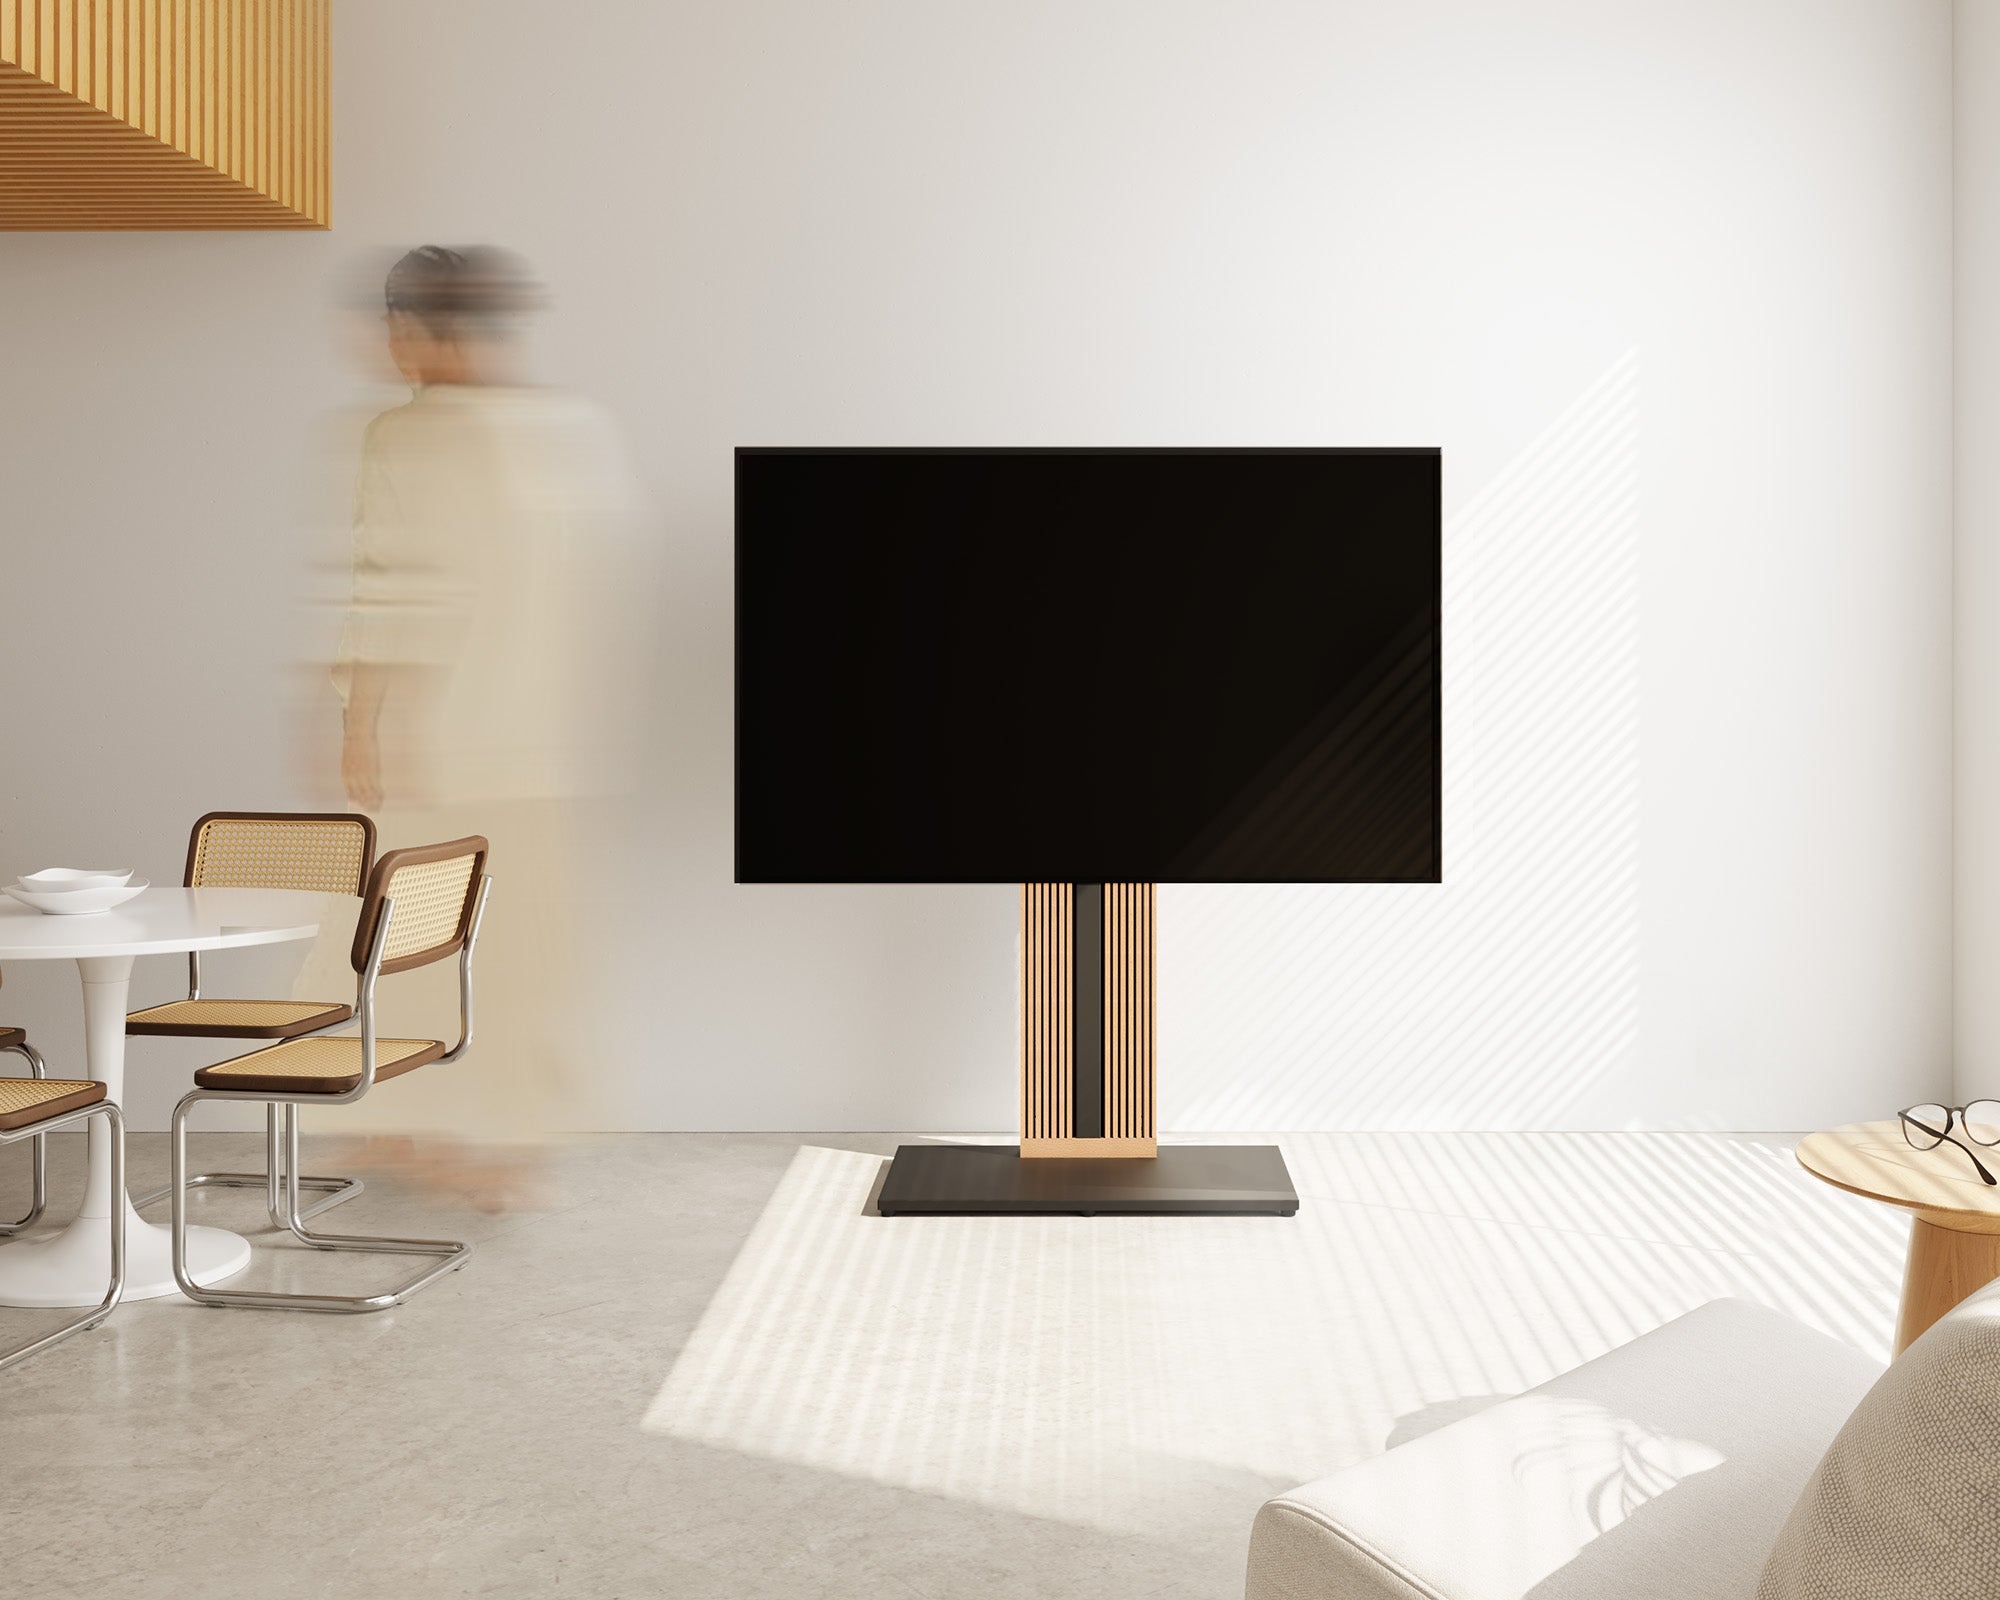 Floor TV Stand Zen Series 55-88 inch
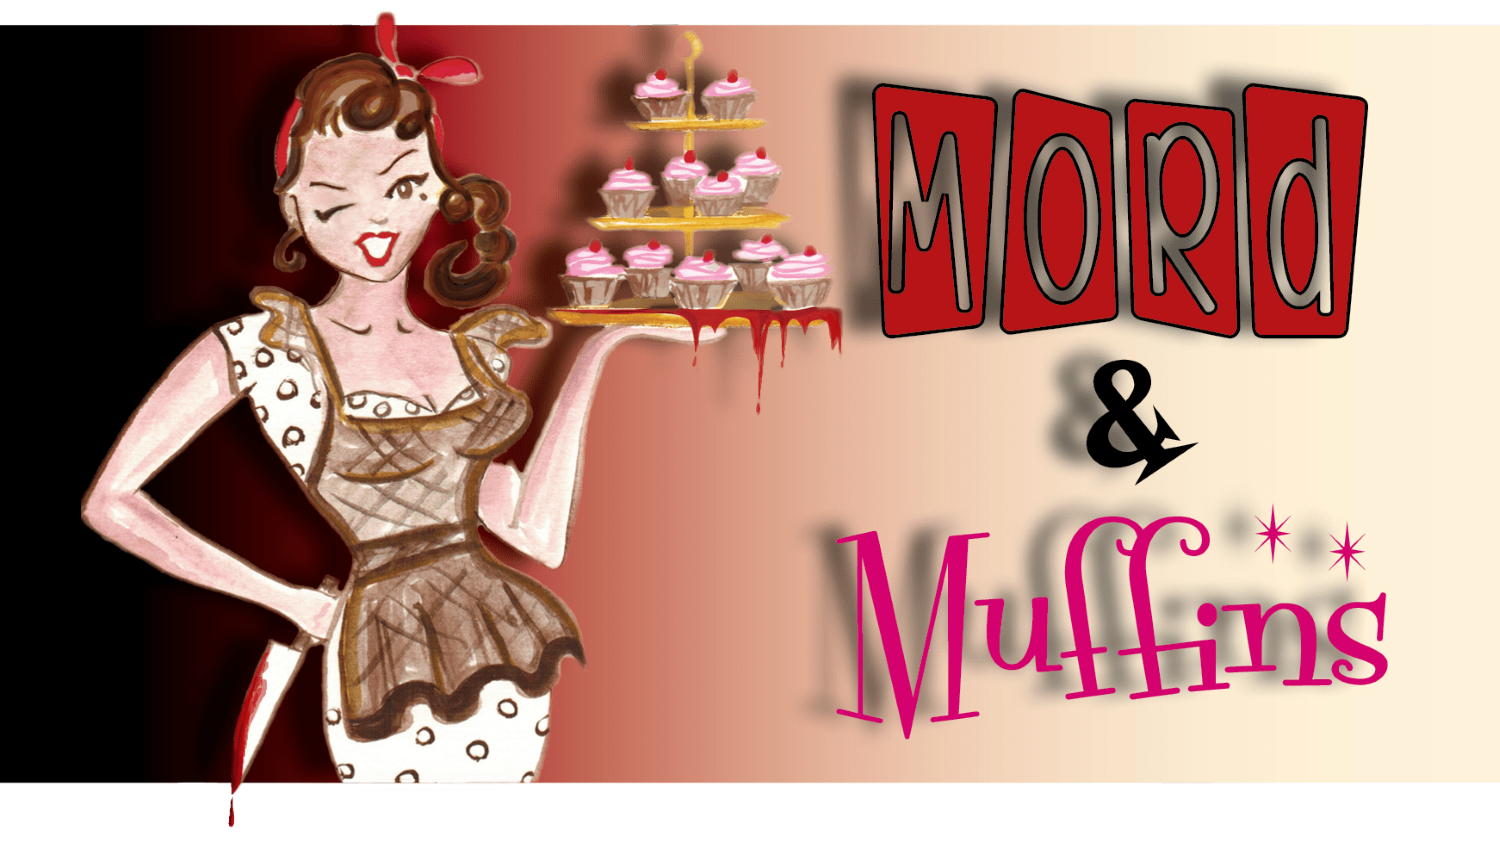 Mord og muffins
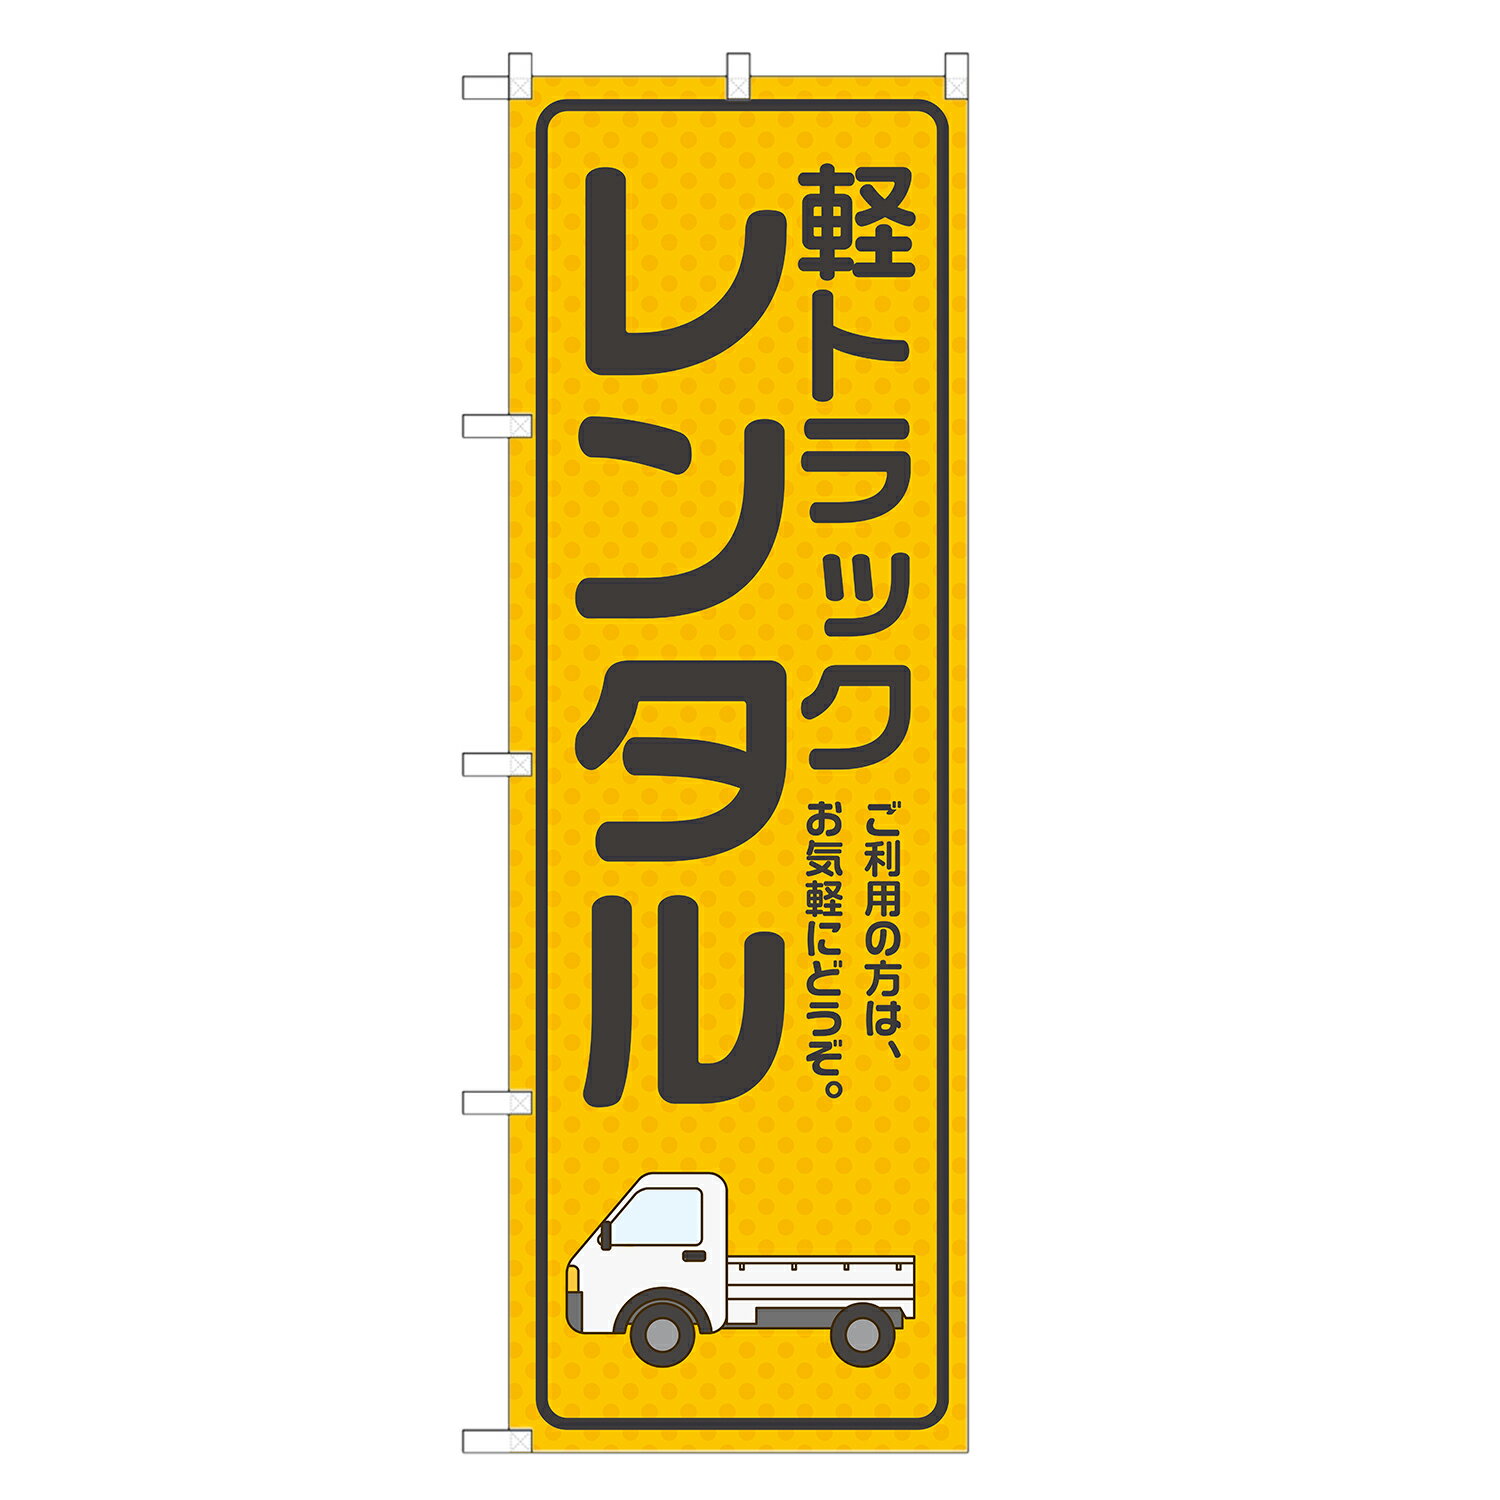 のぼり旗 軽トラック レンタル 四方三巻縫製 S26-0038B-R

* EXERCISE REQUIREMENTS: An exact reproduction of the data is needed, with no pictures included.

* ANSWER FOR THE TASK:
 Floor TV Stand Zen Series 55-88 inch
 Mord og muffins
 のぼり旗 軽トラック レンタル 四方三巻縫製 S26-0038B-R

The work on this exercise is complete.